■ **What you are asked to do**: Make an exact copy of the whole listing, but leave its pictures out.

■ **Recorded information**:
<<<<

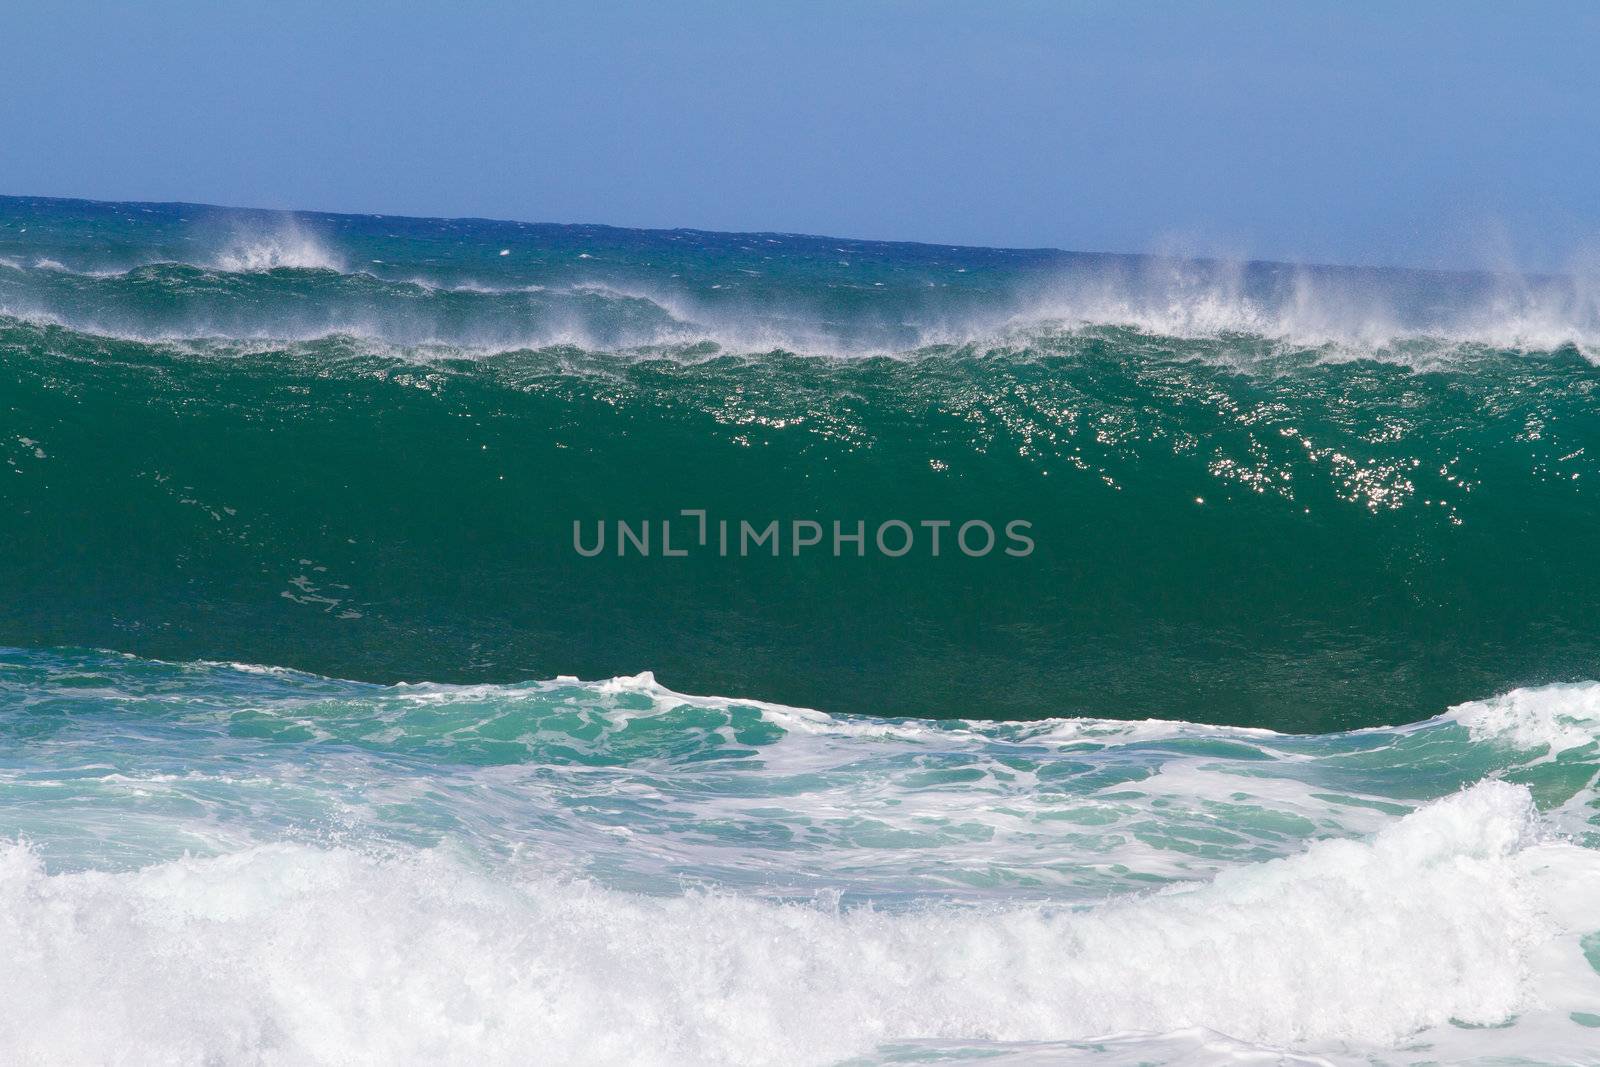 Large waves break off the north shore of oahu hawaii during a great time for surfers surfing. These waves have hollow barrells and are located at pipeline by sunset beach.
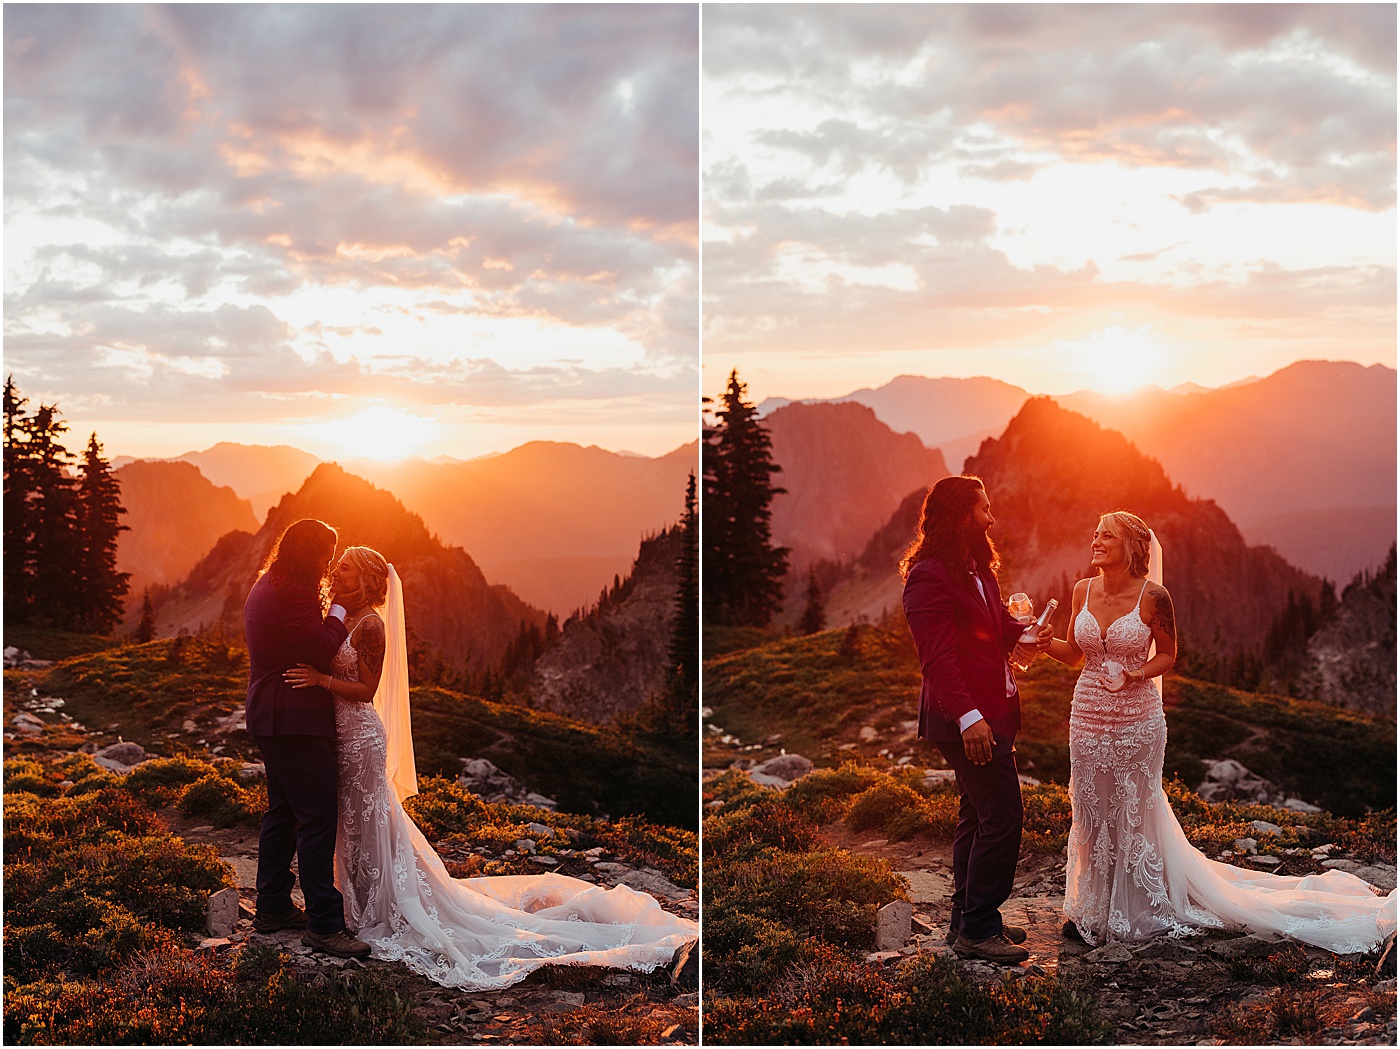 Sunset portraits after intimate elopement at Mount Rainier | Photo by Megan Montalvo Photography
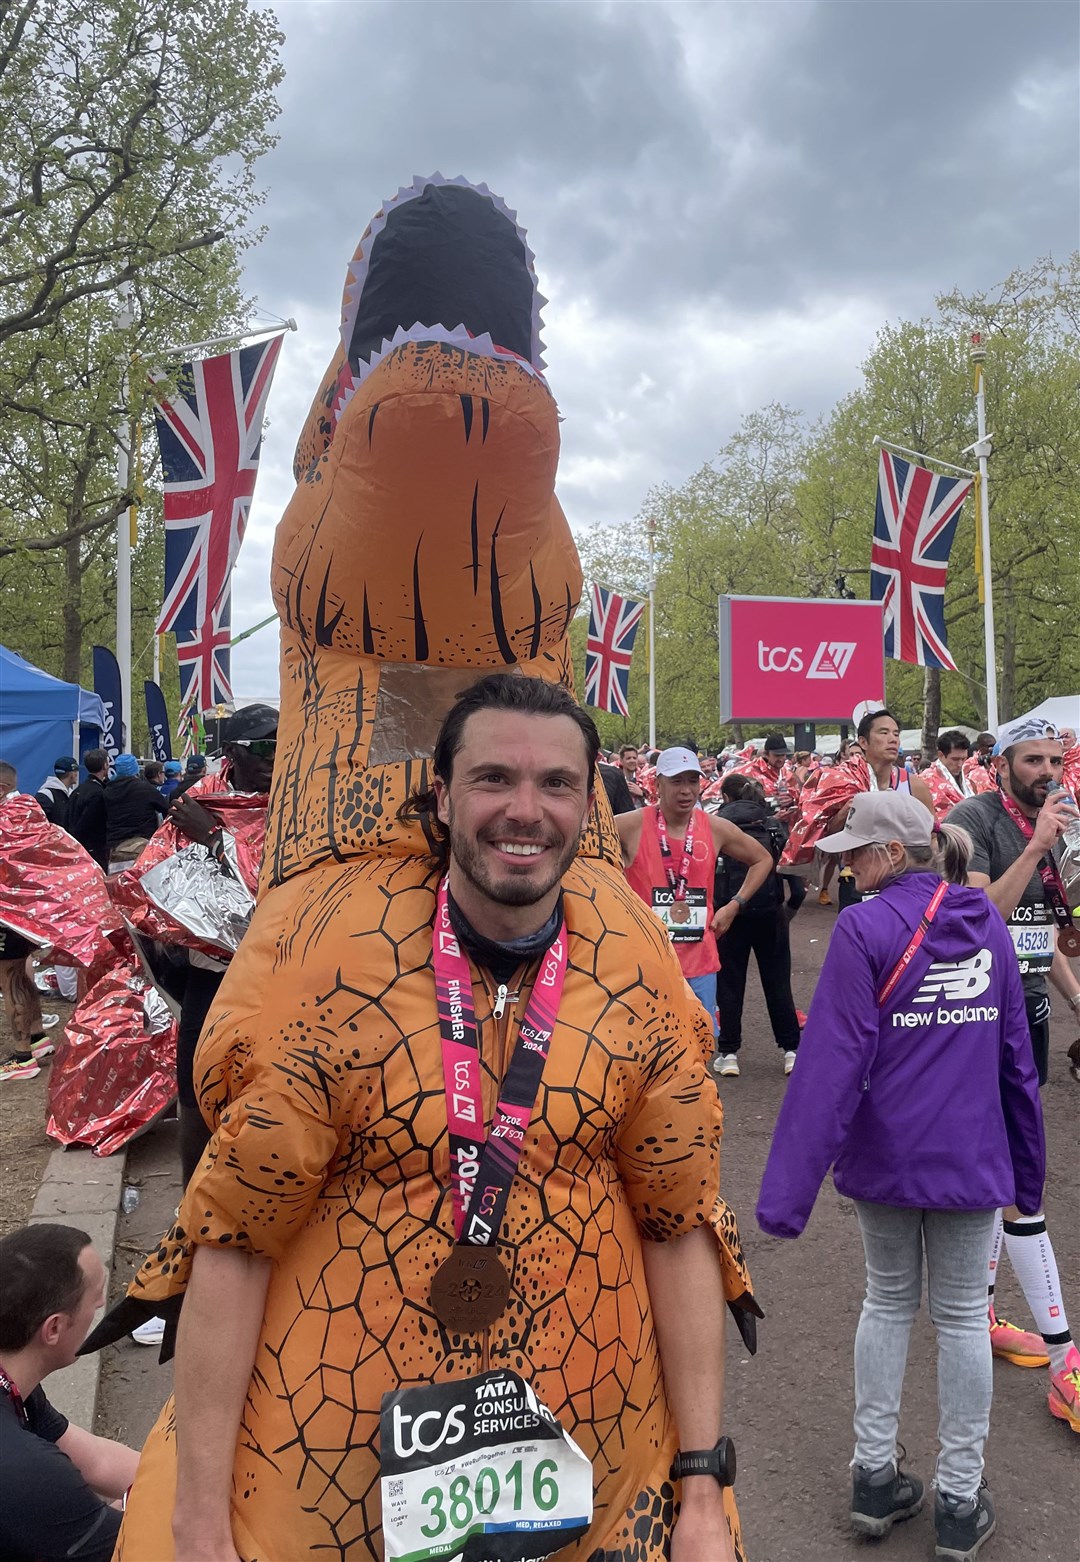 Lee Baynton after finishing the TCS London Marathon dressed in an inflatable costume (Samuel Montgomery/PA)
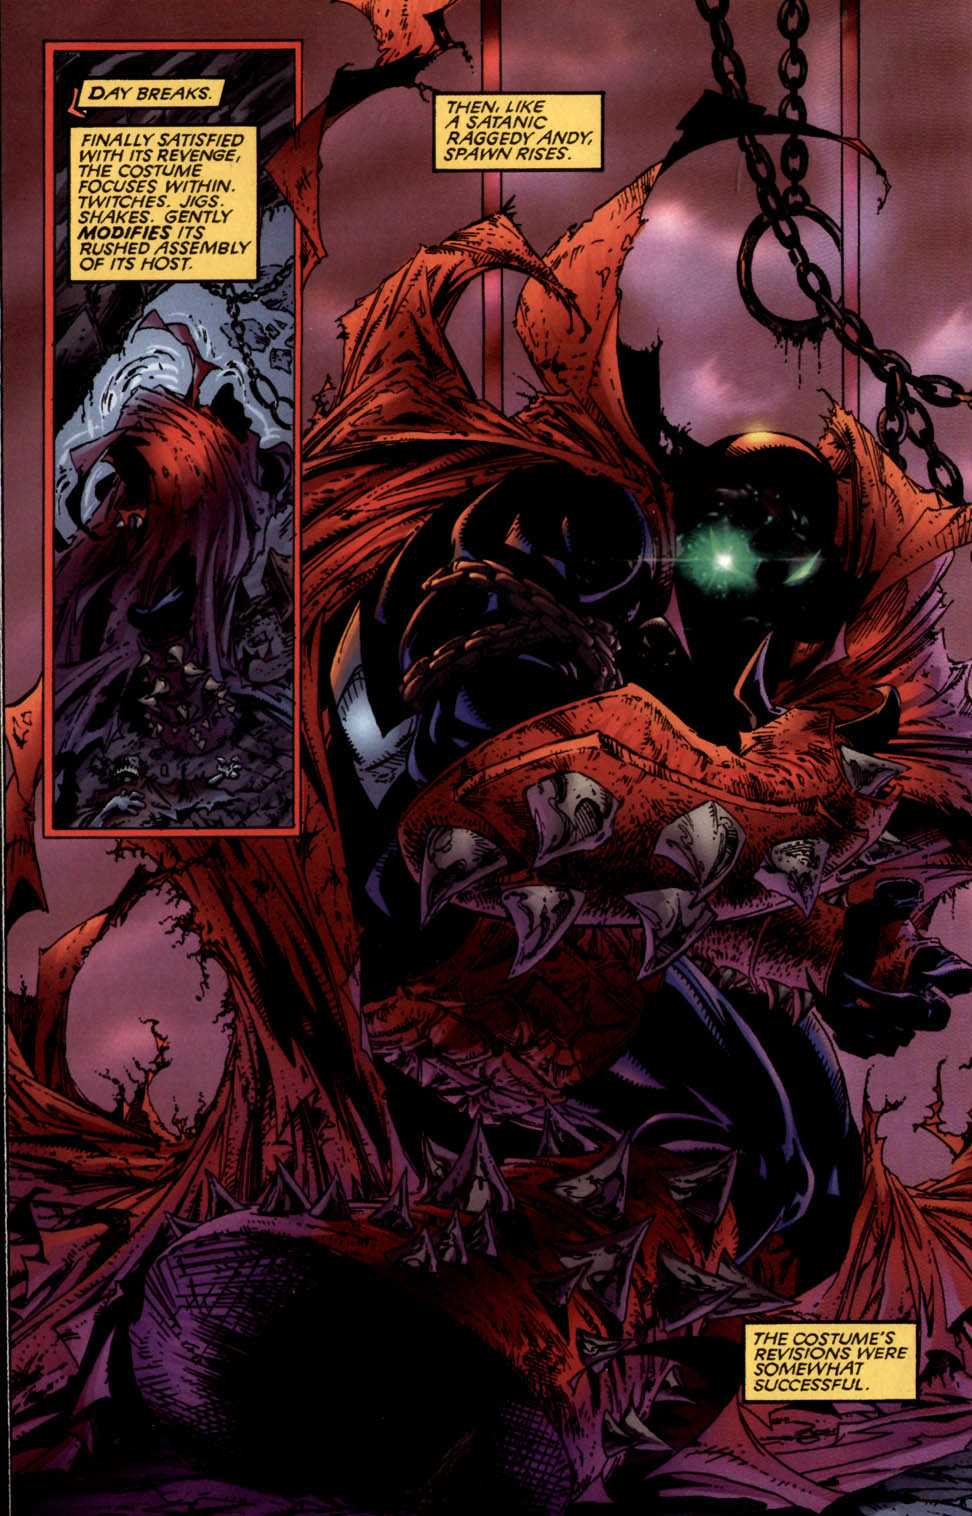 spawn comics pages - Day Breaks. Then, A Satanic Raggedy Andy, Spawn Rises. Bodog Finally Satisfied With Its Revenge The Costume Focuses Within. Twitches. Jigs. Shakes. Gently Modifies Its Rushed Assembly Of Its Host 17 The Costume'S Revisions Were Somewh

>>>>

■ **Completed task**:
 Large waves break off the north shore of oahu hawaii during a great time for surfers surfing. These waves have hollow barrells and are located at pipeline by sunset beach.
 Sunset portraits after intimate elopement at Mount Rainier | Photo by Megan Montalvo Photography
 Lee Baynton after finishing the TCS London Marathon dressed in an inflatable costume (Samuel Montgomery/PA)
 spawn comics pages - Day Breaks. Then, A Satanic Raggedy Andy, Spawn Rises. Bodog Finally Satisfied With Its Revenge The Costume Focuses Within. Twitches. Jigs. Shakes. Gently Modifies Its Rushed Assembly Of Its Host 17 The Costume'S Revisions Were Somewh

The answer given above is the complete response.